━━━━━ Collected data ━━━━━
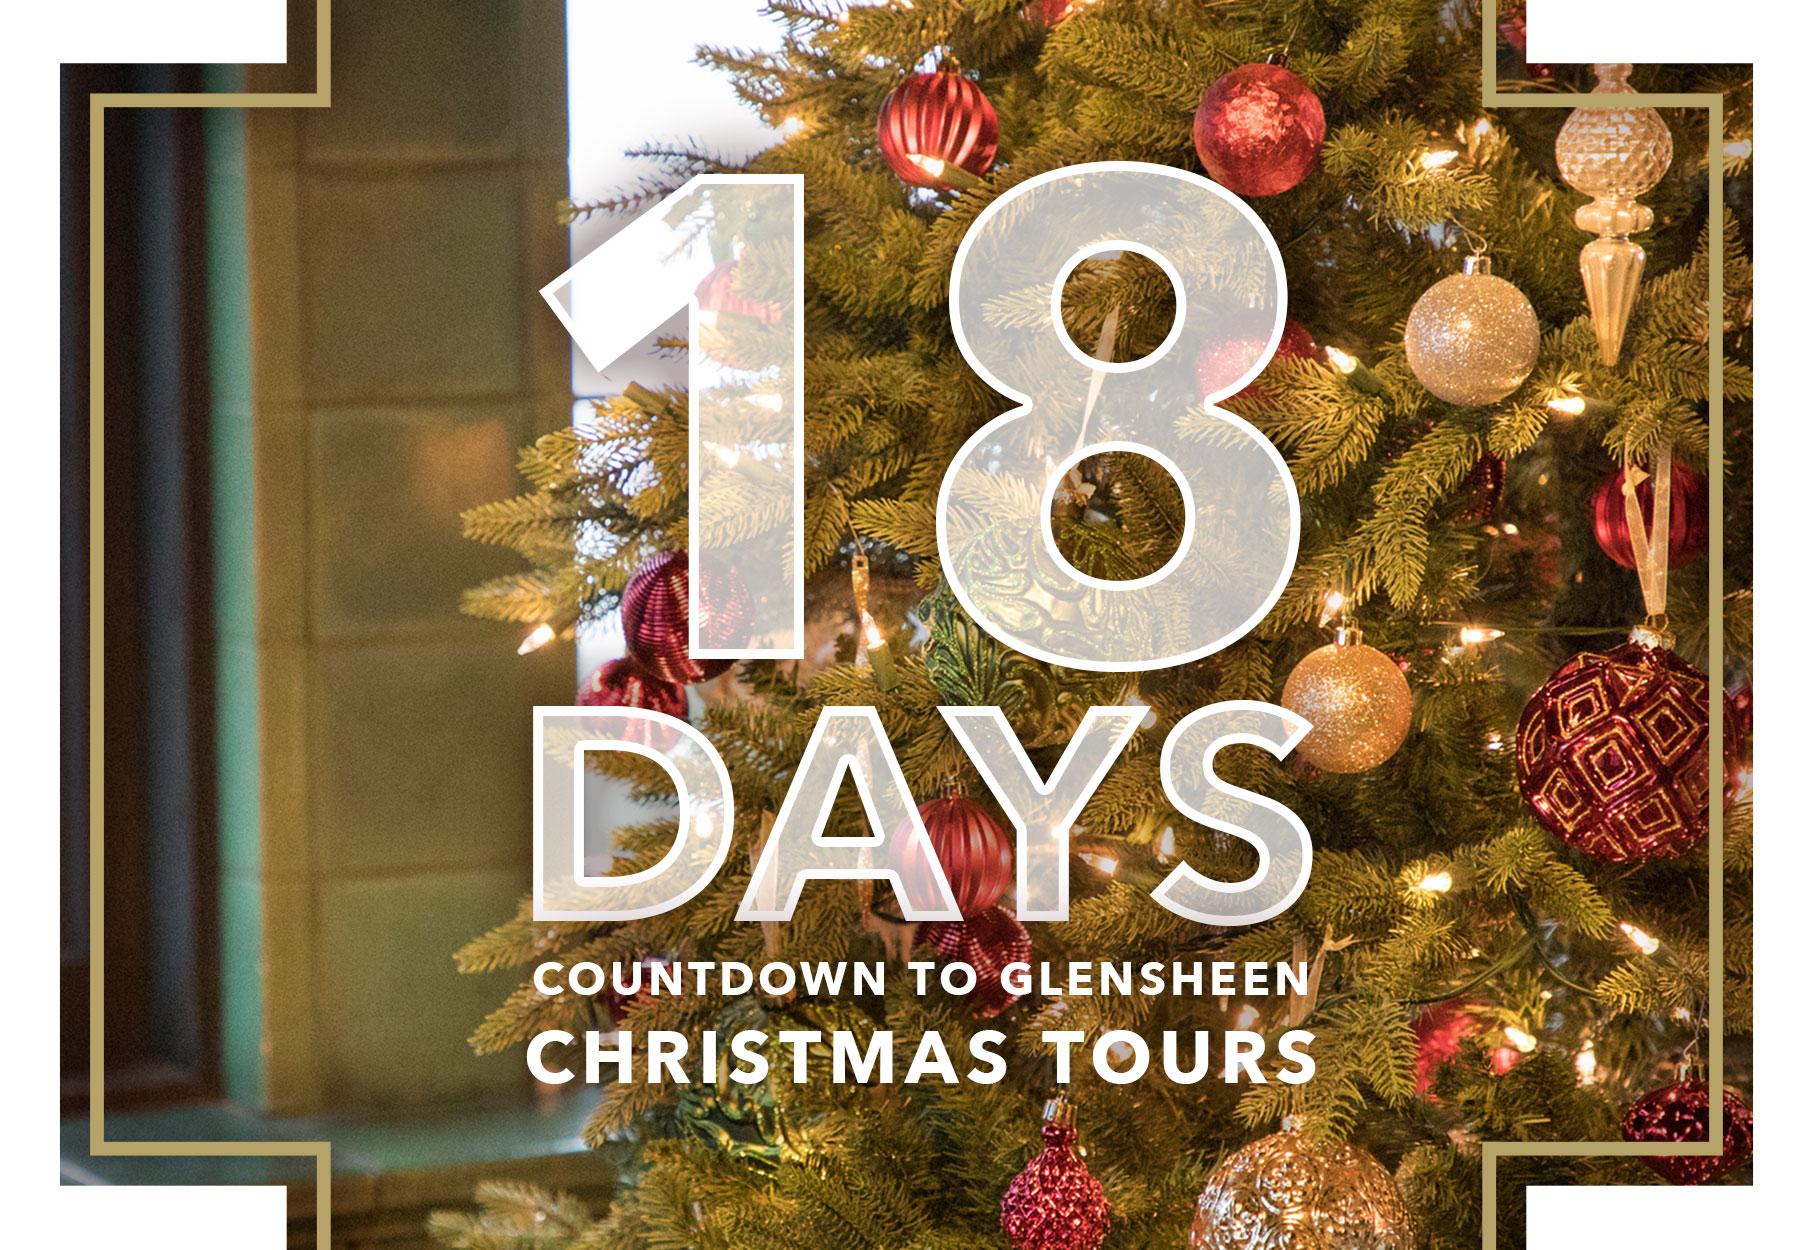 Christmas Tours.18 Days Until Christmas Tours Glensheen
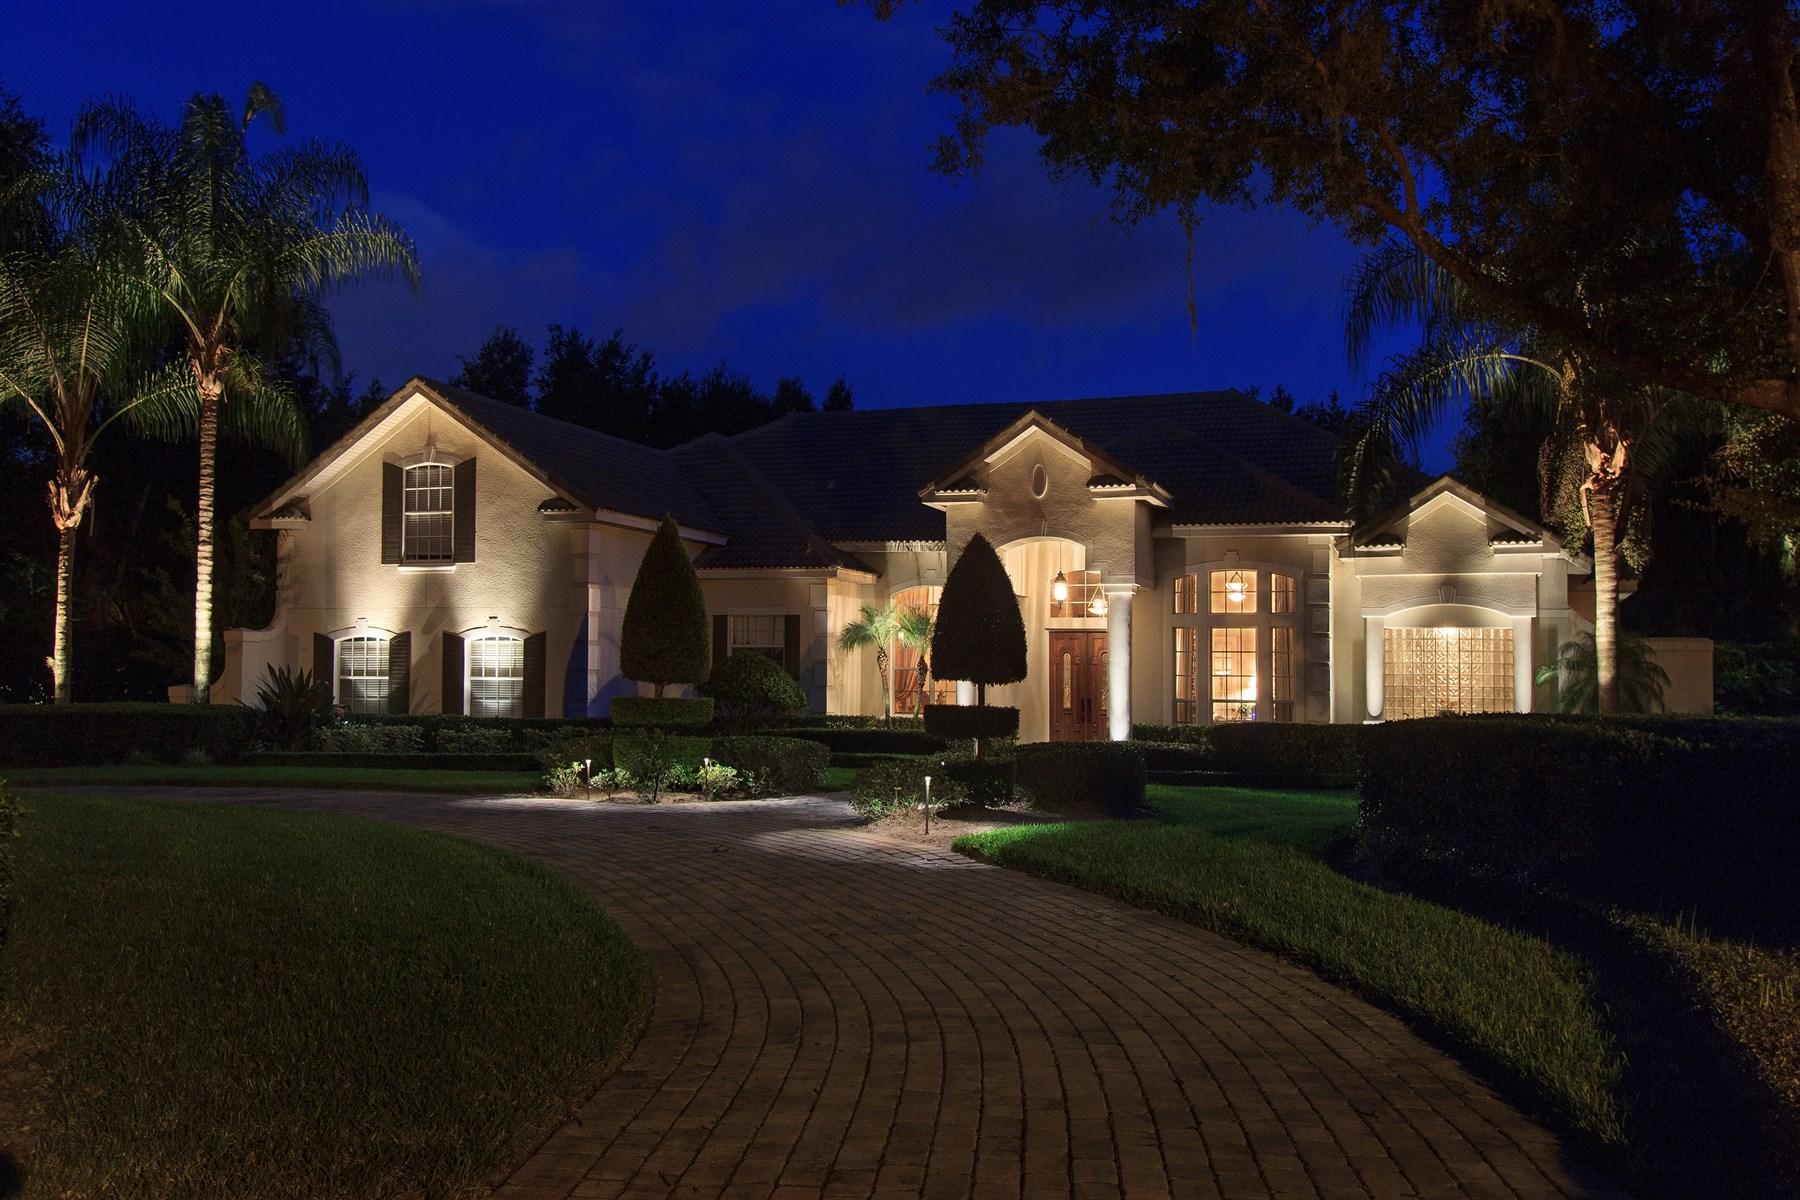 Single Family Home for Sale at Sanford, Florida 7725 Flemingwood Court Sanford, Florida 32771 United States
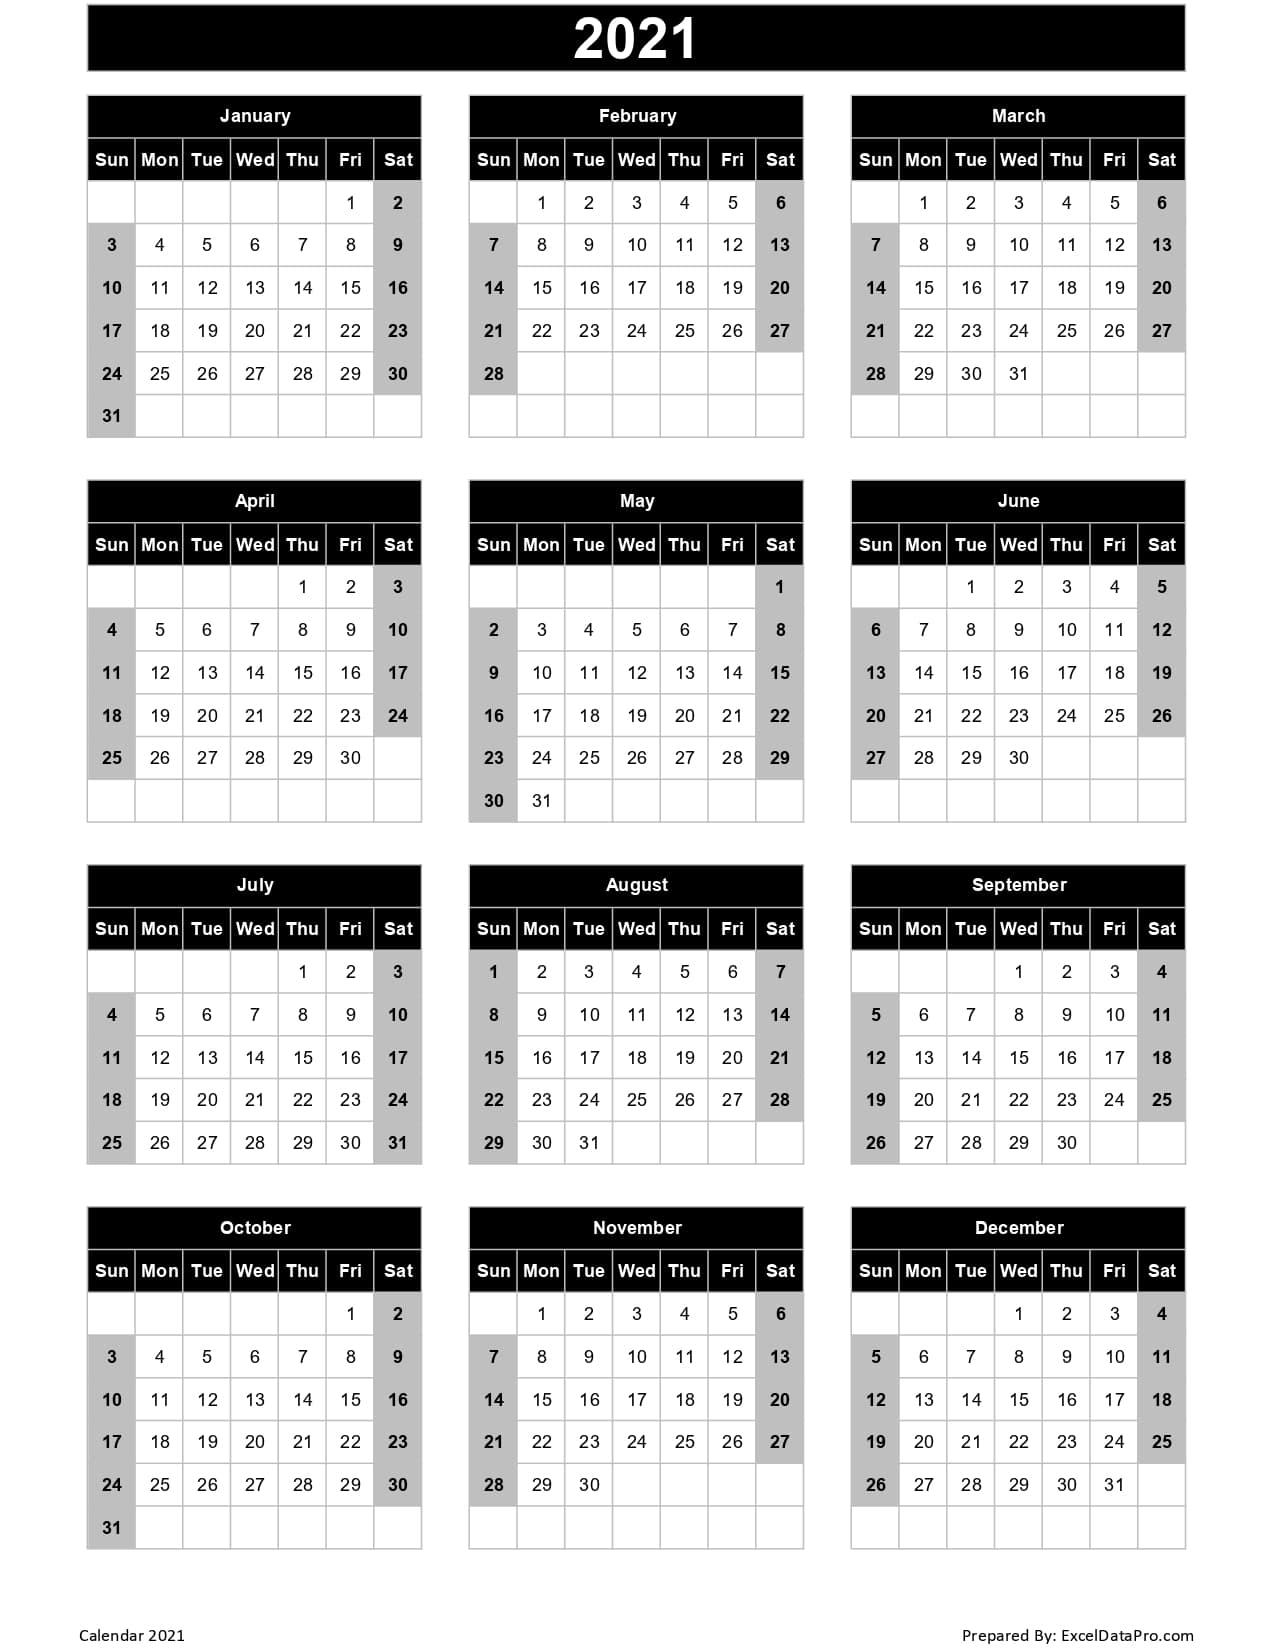 Calendar 2021 Excel Templates, Printable Pdfs & Images
━━━━━
__Goal of the exercise__: Print all of the material exactly. Omit pictures.

__Problem solution__:
 Christmas Tours.18 Days Until Christmas Tours Glensheen
 Single Family Home for Sale at Sanford, Florida 7725 Flemingwood Court Sanford, Florida 32771 United States
 Calendar 2021 Excel Templates, Printable Pdfs & Images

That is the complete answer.